His hunger faded and died. He raised his head and gazed out the window. Over the pool a figure swan-dived against the sky, in crucified, graceless descent broke the water with a lumpy splash. A cloud passed over the day, darkening the lawn with a moment’s somber light. The conversation of the girls became subdued, civilized, general. Far off above the trees, on the remotest horizon, thunderheads bloomed, a squall. Later, toward sundown, they would roll landward over a shadowing reach of waves, borne nearer, ever more darkly across the coast, the green wild desolation of palmetto and cypress and pine—and here, where the girls pink and scanty in sun-suits would slant their tar-black eyes skyward in the gathering night, abandon pool and games and chatter and with shrill cries of warning flee homeward like gaudy scraps of paper on the blast, voices young and lovely and lost in the darkness, the onrushing winds. One thing, Culver thought, was certain—they were in for a blow. Already there would be signals up and down the coast.
Abruptly he was conscious of a dry, parched thirst. He rose to his feet, put on a robe, and hobbled out into the hallway toward the water cooler.

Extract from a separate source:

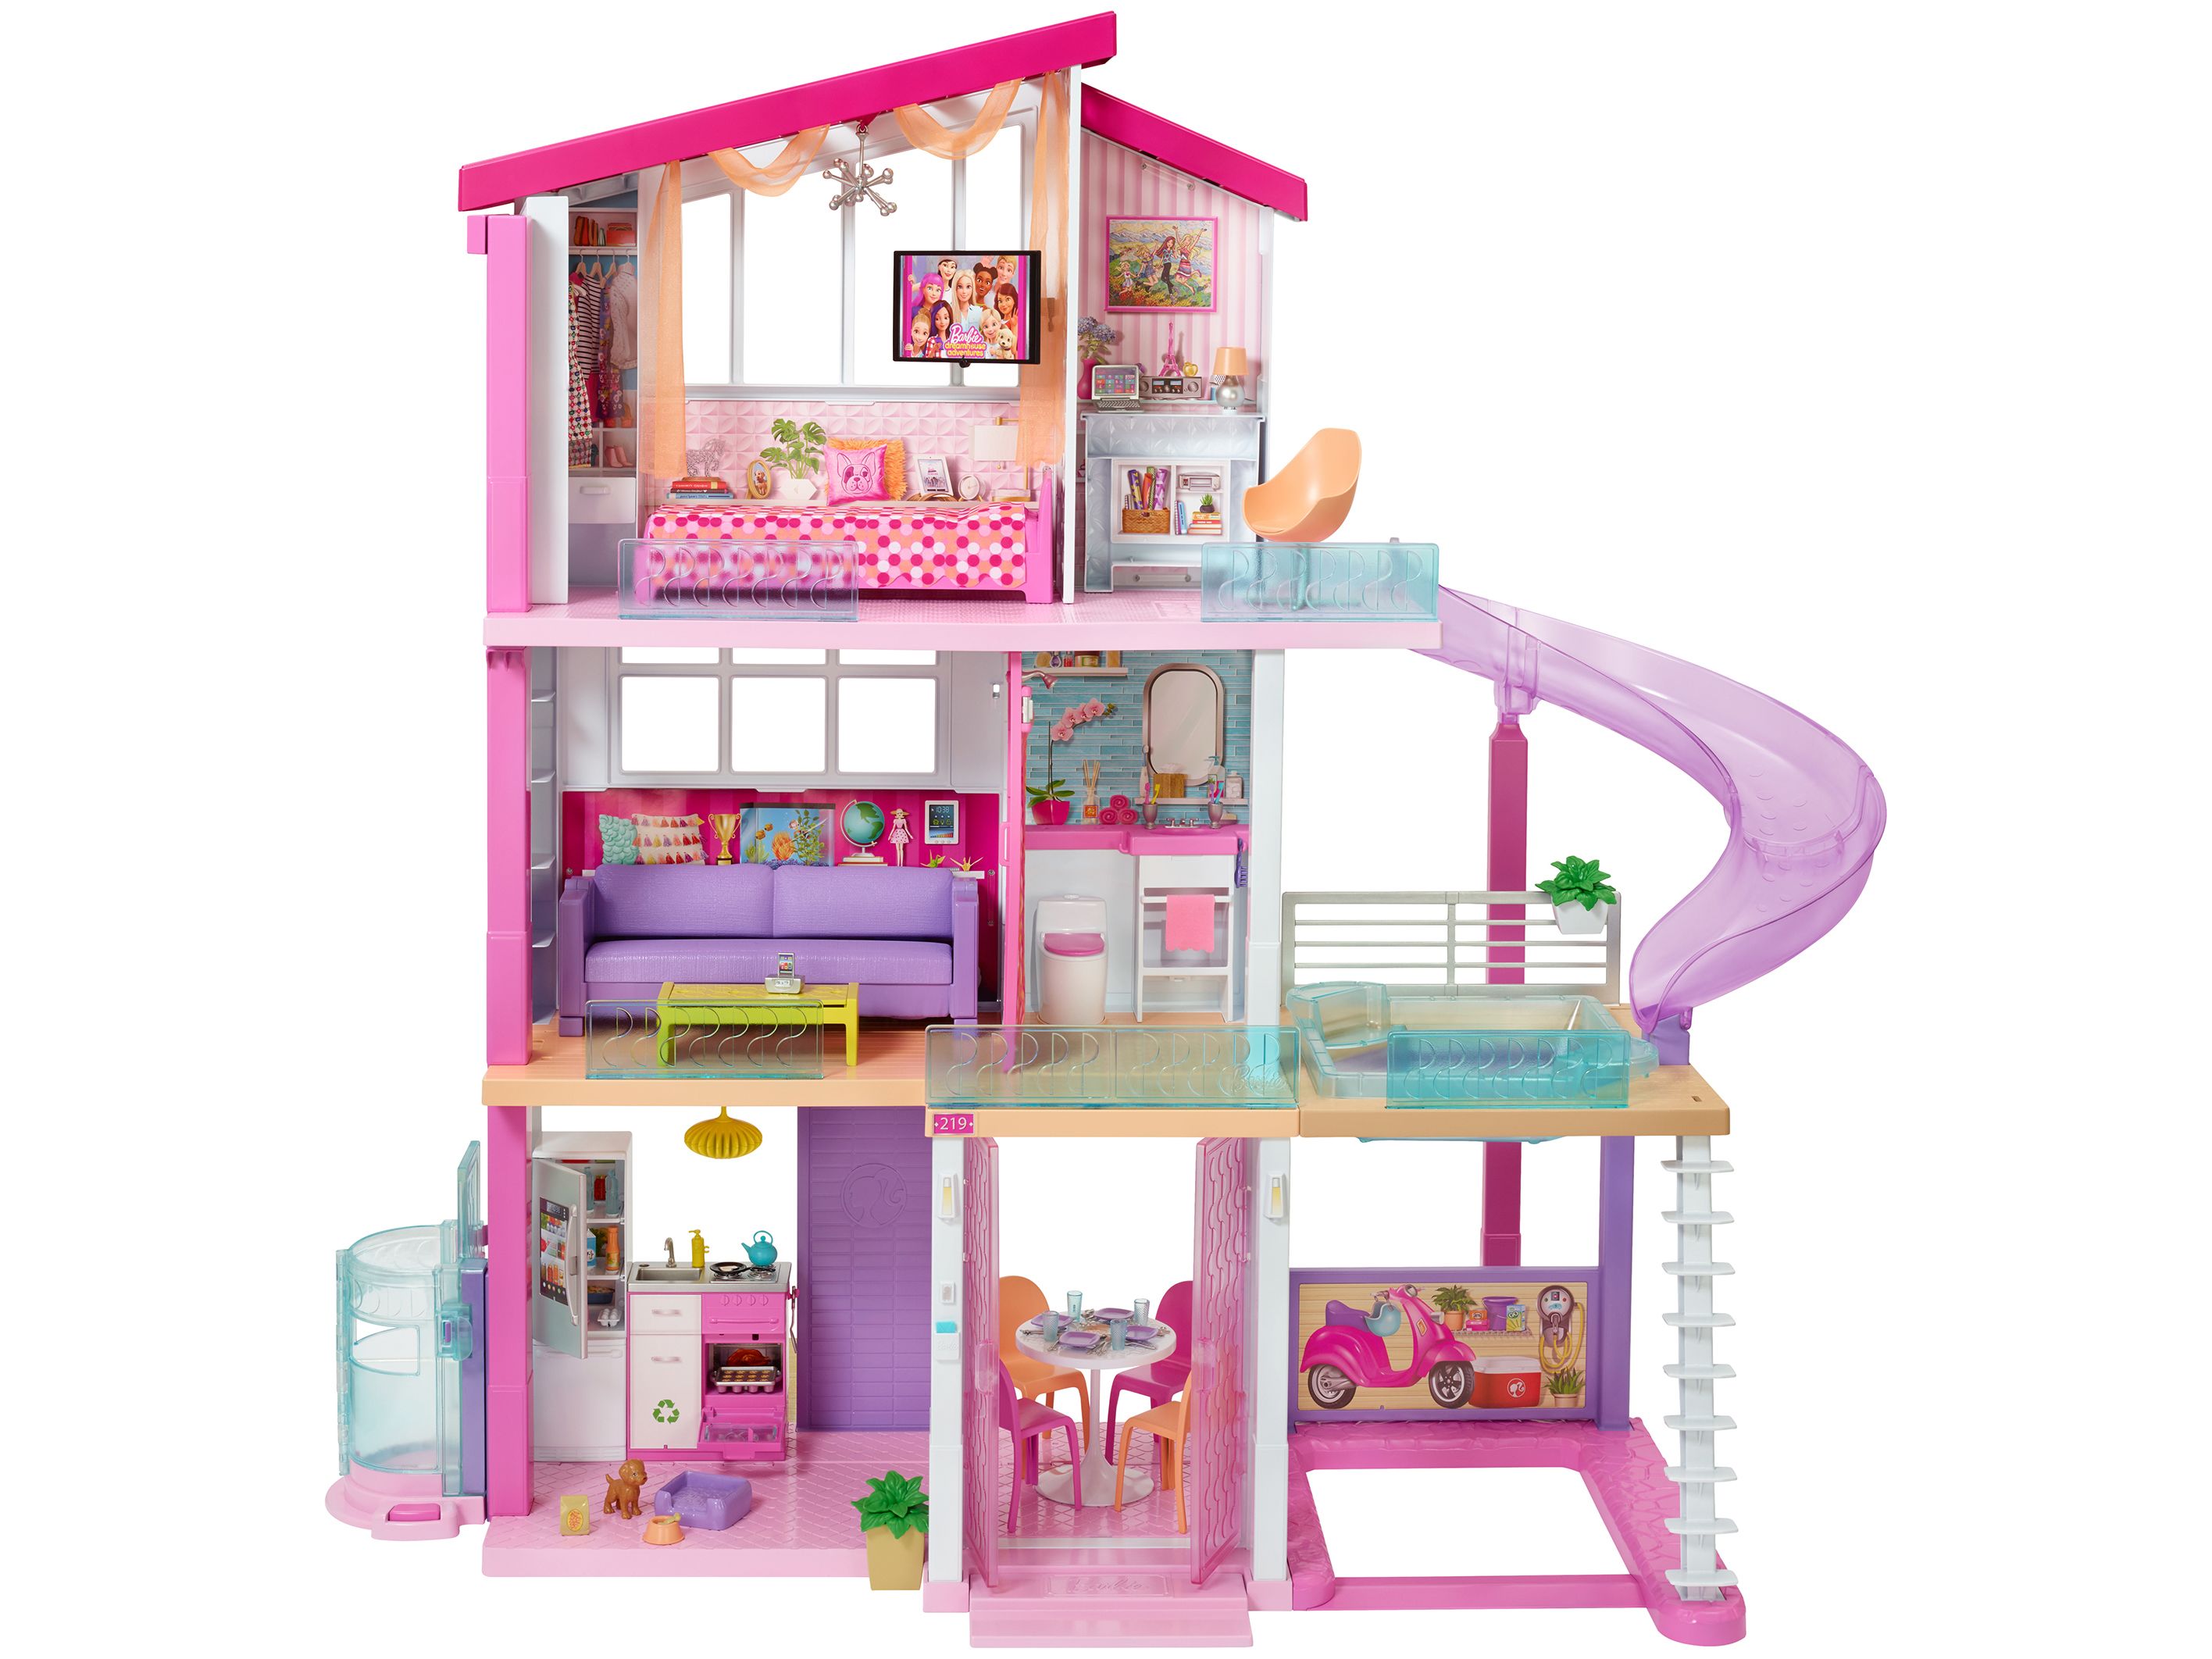 can rent Barbie's Malibu Dreamhouse for $60 per night | CNN

As he rounded the corner he saw Mannix, naked except for a towel around his waist, making his slow and agonized way down the hall. He was hairy and enormous and as he inched his way toward the shower room, clawing at the wall for support, his face with its clenched eyes and taut, drawn-down mouth was one of tortured and gigantic suffering. The swelling at his ankle was the size of a grapefruit, an ugly blue, and this leg he dragged behind him, a dead weight no longer capable of motion.
Culver started to limp toward him, said, “Al—” in an effort to help him along, but just then one of the Negro maids employed in the place came swinging along with a mop, stopped, seeing Mannix, ceased the singsong little tune she was humming, too, and said, “Oh my, you poor man. What you been doin’? Do it hurt?” Culver halted.